Da orti urbani in Uk alimentazione al 15% della popolazione

Favorire l’alimentazione con orti urbani e altre tipologie di agricoltura in Uk può contribuire a sostenere la produzione locale riducendo le importazioni

Può uno sviluppo degli orti urbani contribuire all’alimentazione della popolazione nel Regno Unito? Secondo uno studio dell’Università di Sheffield un adeguato utilizzo del suolo urbano potrebbe fornire frutta e verdura al 15% della popolazione. Attualmente solo l’1,3% degli spazi verdi è coperto da orti e il 38% da giardini domestici.

Orti urbani

Quale potenziale per il suolo urbano in Uk?

Mettendo insieme orti urbani, giardini e spazi verdi adeguati per l’alimentazione e la coltivazione di cibo, a Sheffield si renderebbero disponibili 98 metri quadrati di suolo a persona. Oggi questi spazi verdi, inclusi boschi, parchi e bordi stradali coprono il 45% della città. Questo equivale a oltre 4 volte lo spazio attualmente utilizzato per la coltivazione di cibo nel Regno Unito. Un potenziale importante dato che oggi solo il 16% della frutta e il 53% della verdura venduta in Uk è coltivato a livello nazionale.
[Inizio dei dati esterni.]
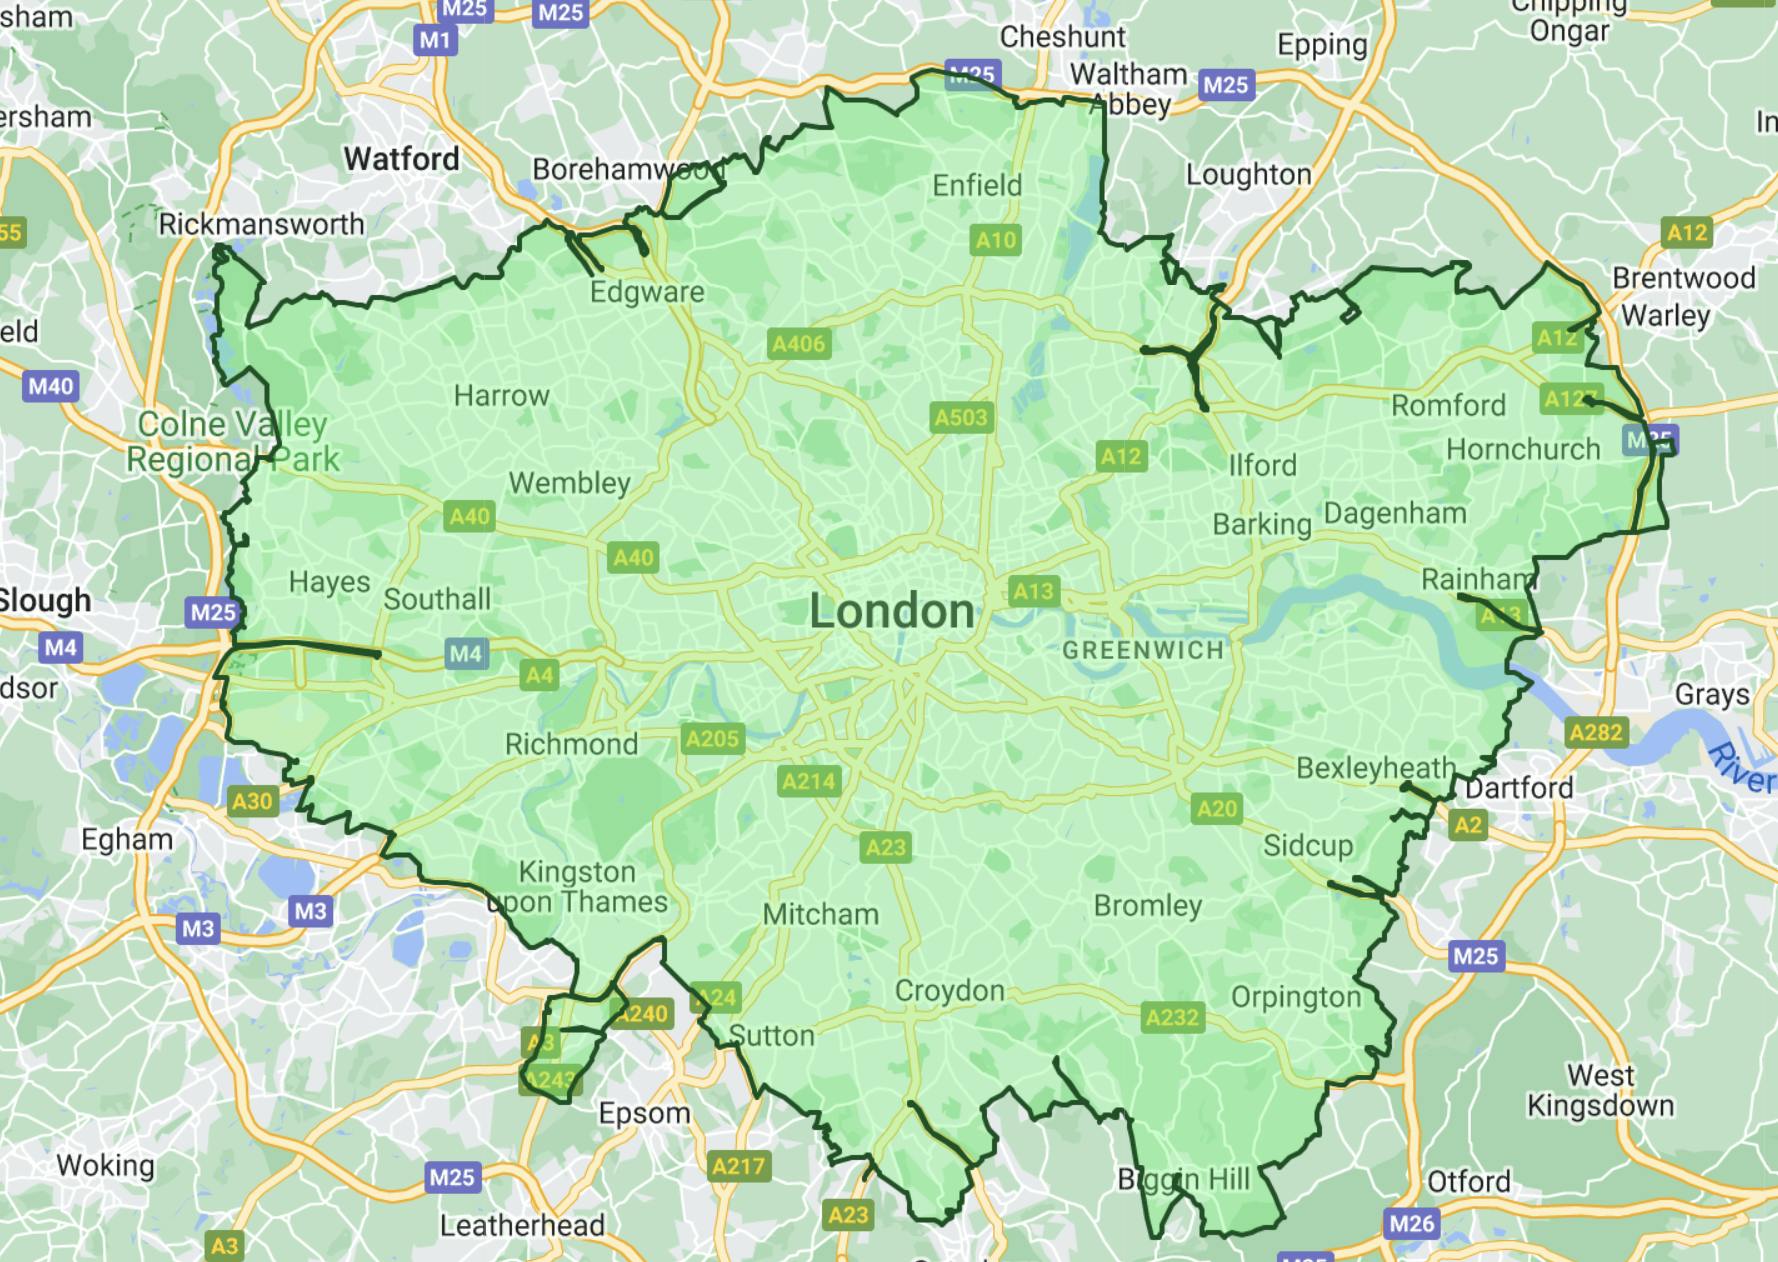 London Low Emission Zone (LEZ) map

Agricoltura su tetti piani

Esiste un potenziale per orti urbani e alimentazione anche in altre condizioni? Secondo i ricercatori che hanno svolto lo studio è così. L’agricoltura senza suolo su tetti piani, utilizzando metodi come l’idroponica, potrebbe essere una risposta. Ad esempio l’86% della fornitura totale di pomodori in Uk deriva da importazioni, ma se il 10% dei tetti piani di Sheffield venisse usato per la coltivazione di pomodori senza suolo, si potrebbe nutrire oltre l’8% della popolazione. Lo spazio per rendersi autonomi dagli approvvigionamenti internazionali, quindi, esiste.

Necessari un cambiamento culturale e sociale

Pensare a nuovi spazi e modalità per gli orti urbani da dedicare all’alimentazione richiederà un cambiamento culturale e sociale significativo per sfruttare l’enorme potenziale offerto dalle città. È quanto affermano la dottoressa Jill Edmondson e il professor Duncan Cameron, autori dello studio: «È fondamentale che le autorità lavorino a stretto contatto con le comunità per trovare il giusto equilibrio tra spazi verdi e orticoltura. Ma con un’attenta gestione degli spazi verdi e l’uso della tecnologia per creare reti di distribuzione potremmo assistere all’ascesa di “città del cibo intelligente”, dove i coltivatori locali possono sostenere le loro comunità con cibo fresco e sostenibile».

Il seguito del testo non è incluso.